* Records for processing
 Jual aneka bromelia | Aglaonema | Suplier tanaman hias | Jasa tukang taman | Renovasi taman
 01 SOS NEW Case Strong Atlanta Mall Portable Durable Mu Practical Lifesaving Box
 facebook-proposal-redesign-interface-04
---
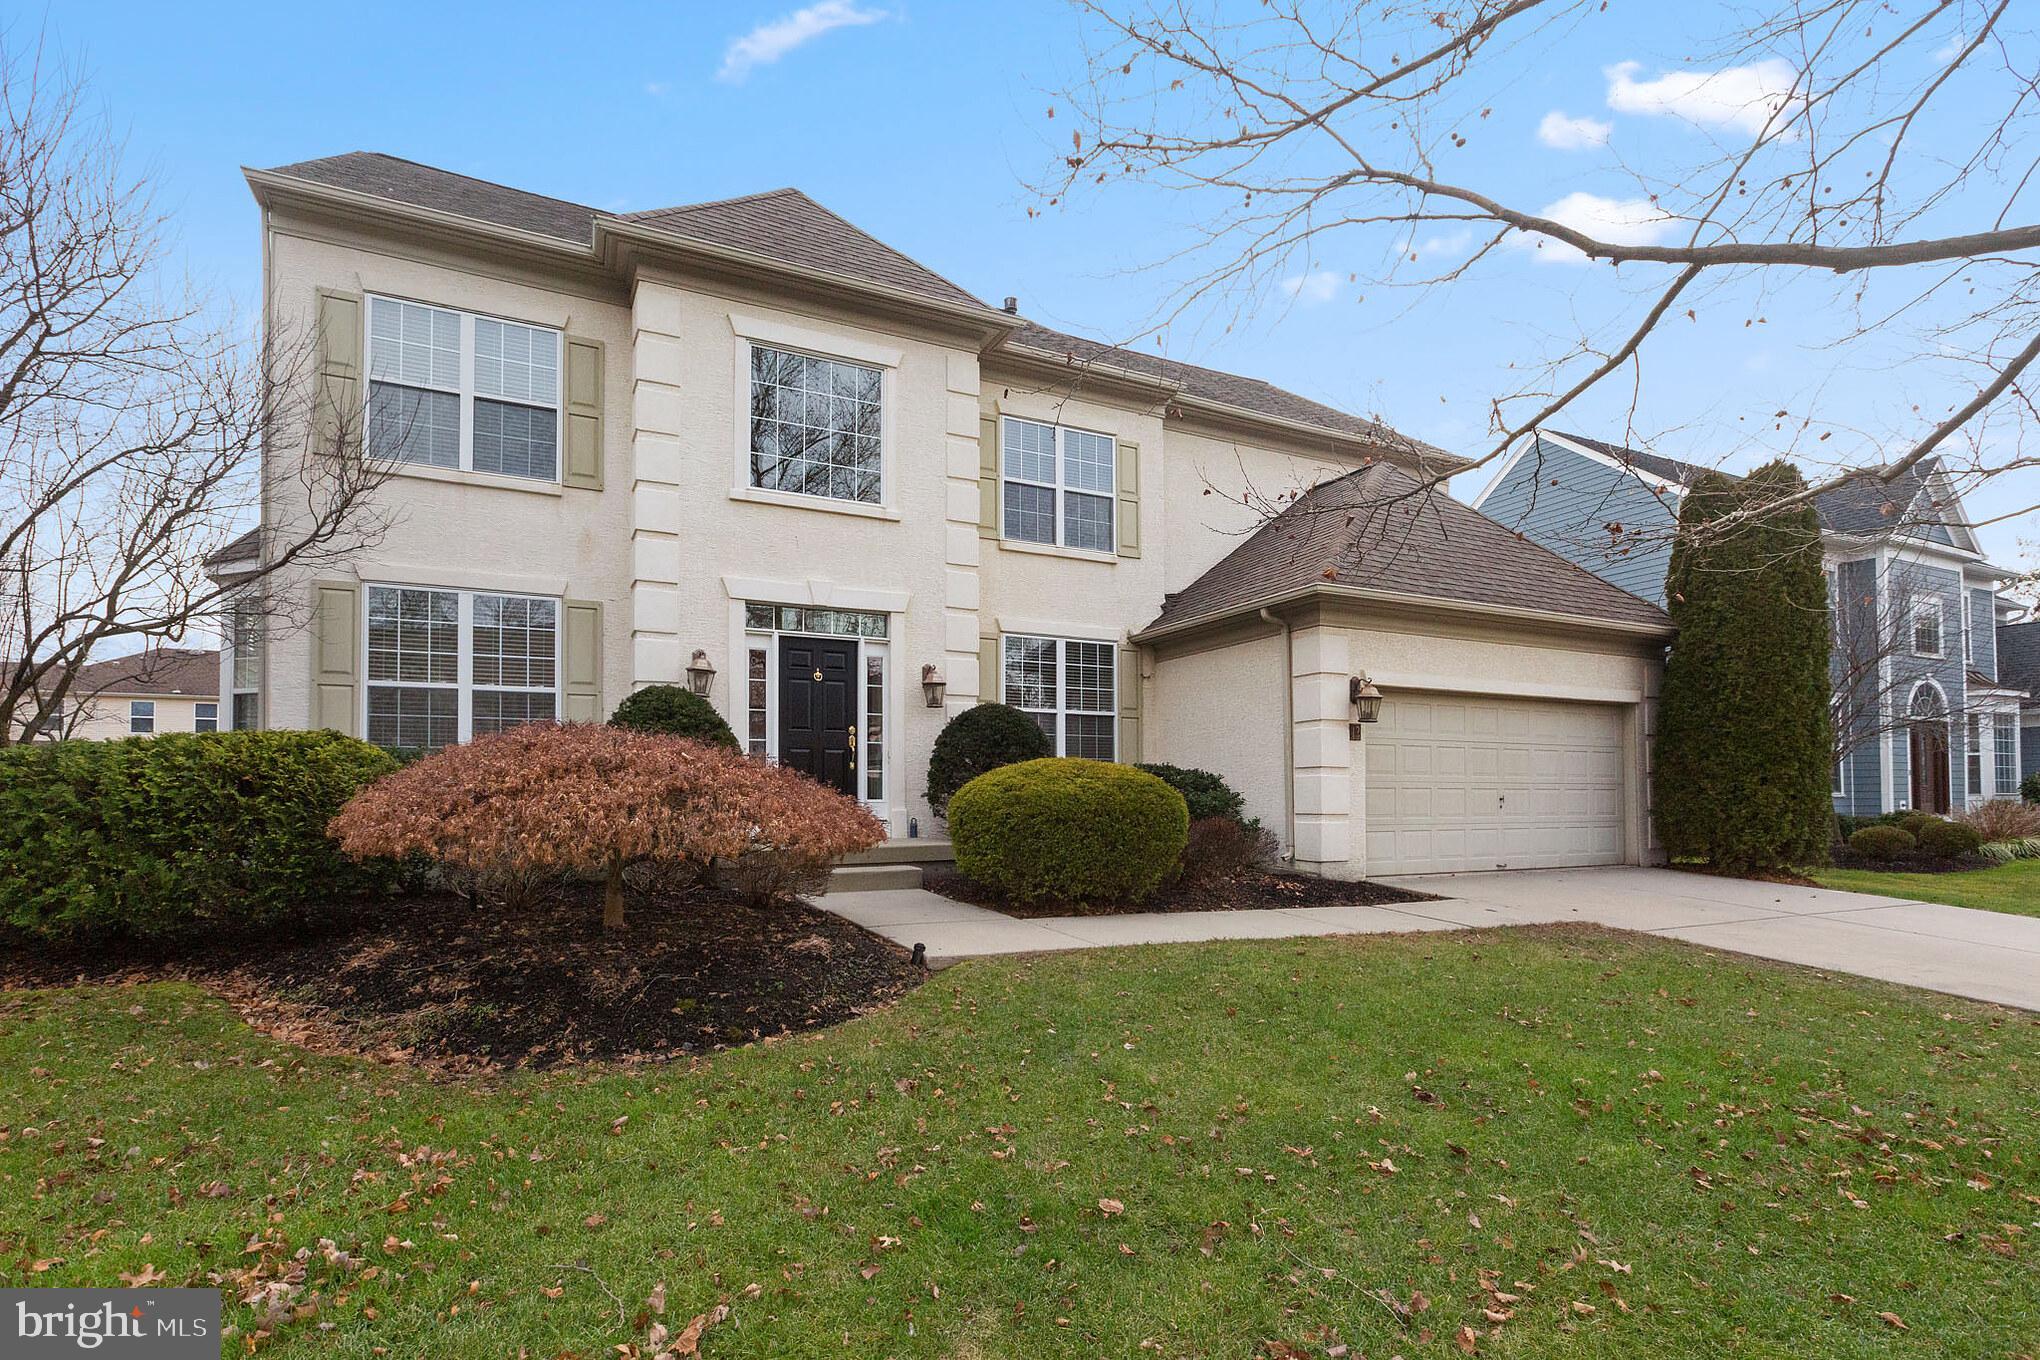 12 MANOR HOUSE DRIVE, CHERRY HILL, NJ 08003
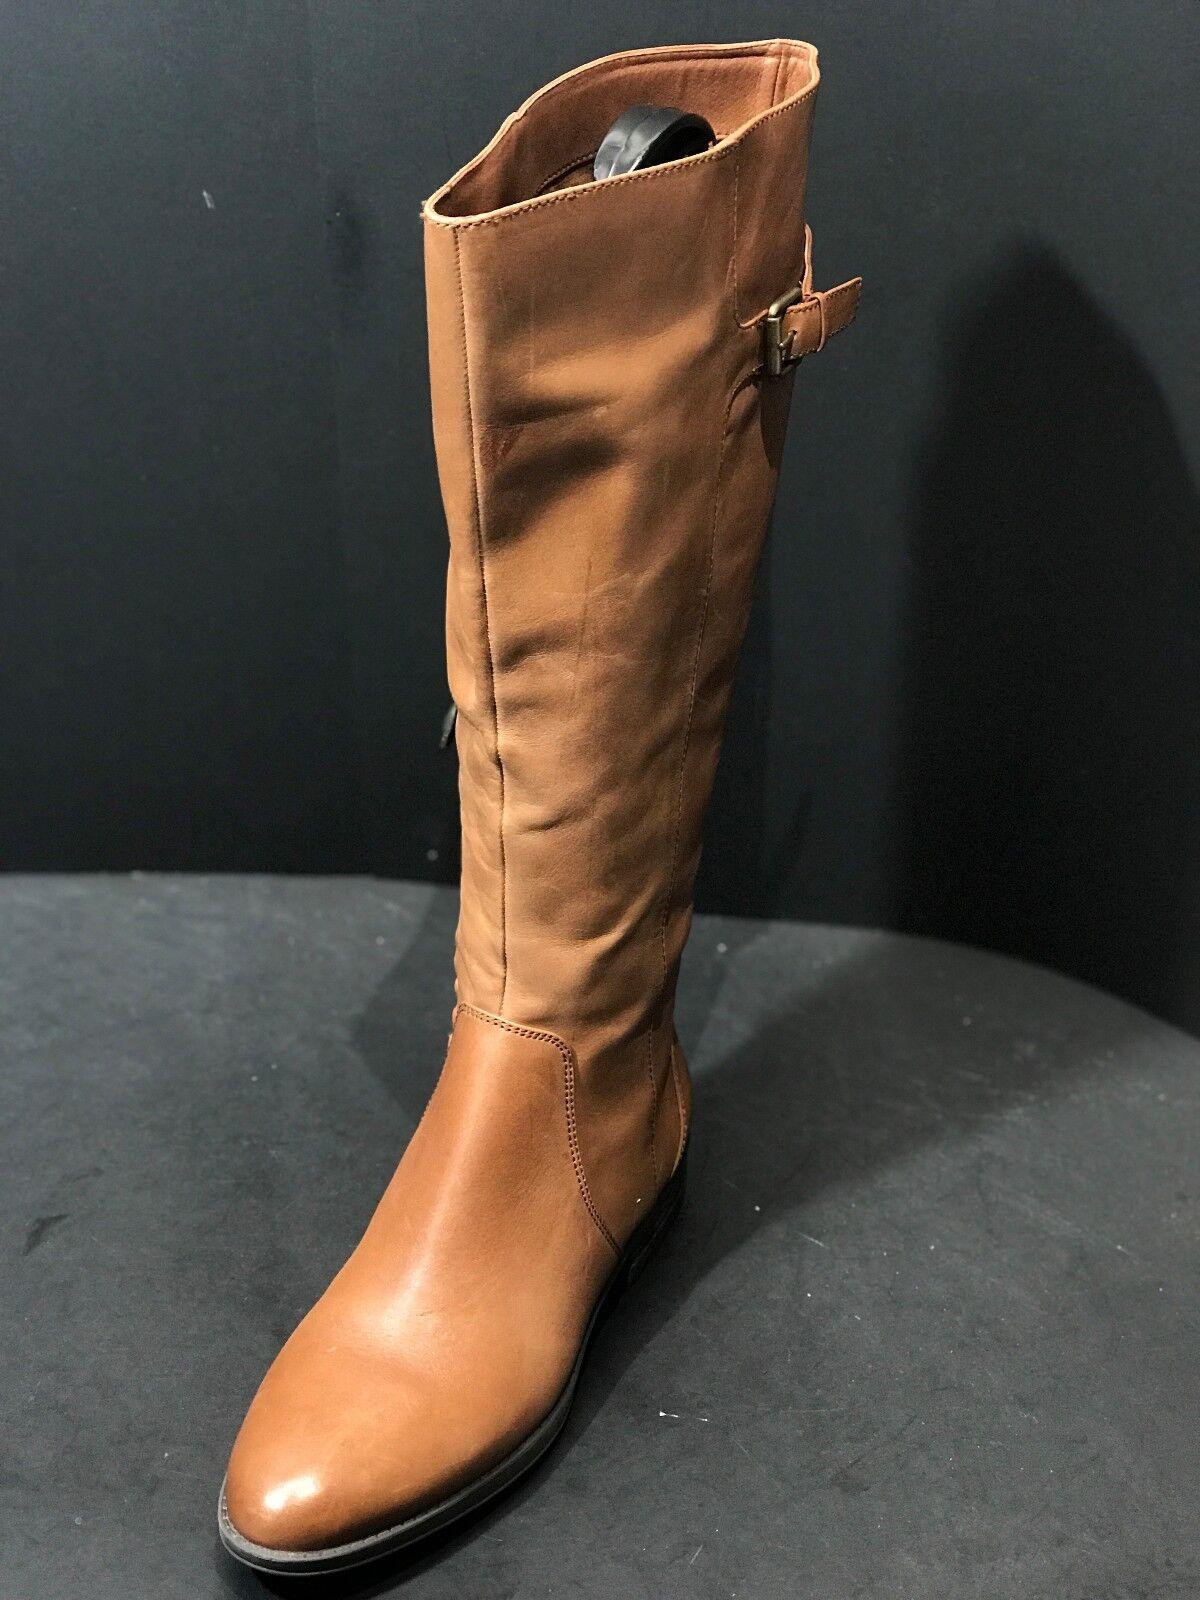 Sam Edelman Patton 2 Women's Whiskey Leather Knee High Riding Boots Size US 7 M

* Task statement
Go through the material above and output exactly the lines from the one containing "Jual aneka bromelia" through the one containing "facebook-proposal-redesign-interface-04".

* Response below
 Jual aneka bromelia | Aglaonema | Suplier tanaman hias | Jasa tukang taman | Renovasi taman
 01 SOS NEW Case Strong Atlanta Mall Portable Durable Mu Practical Lifesaving Box
 facebook-proposal-redesign-interface-04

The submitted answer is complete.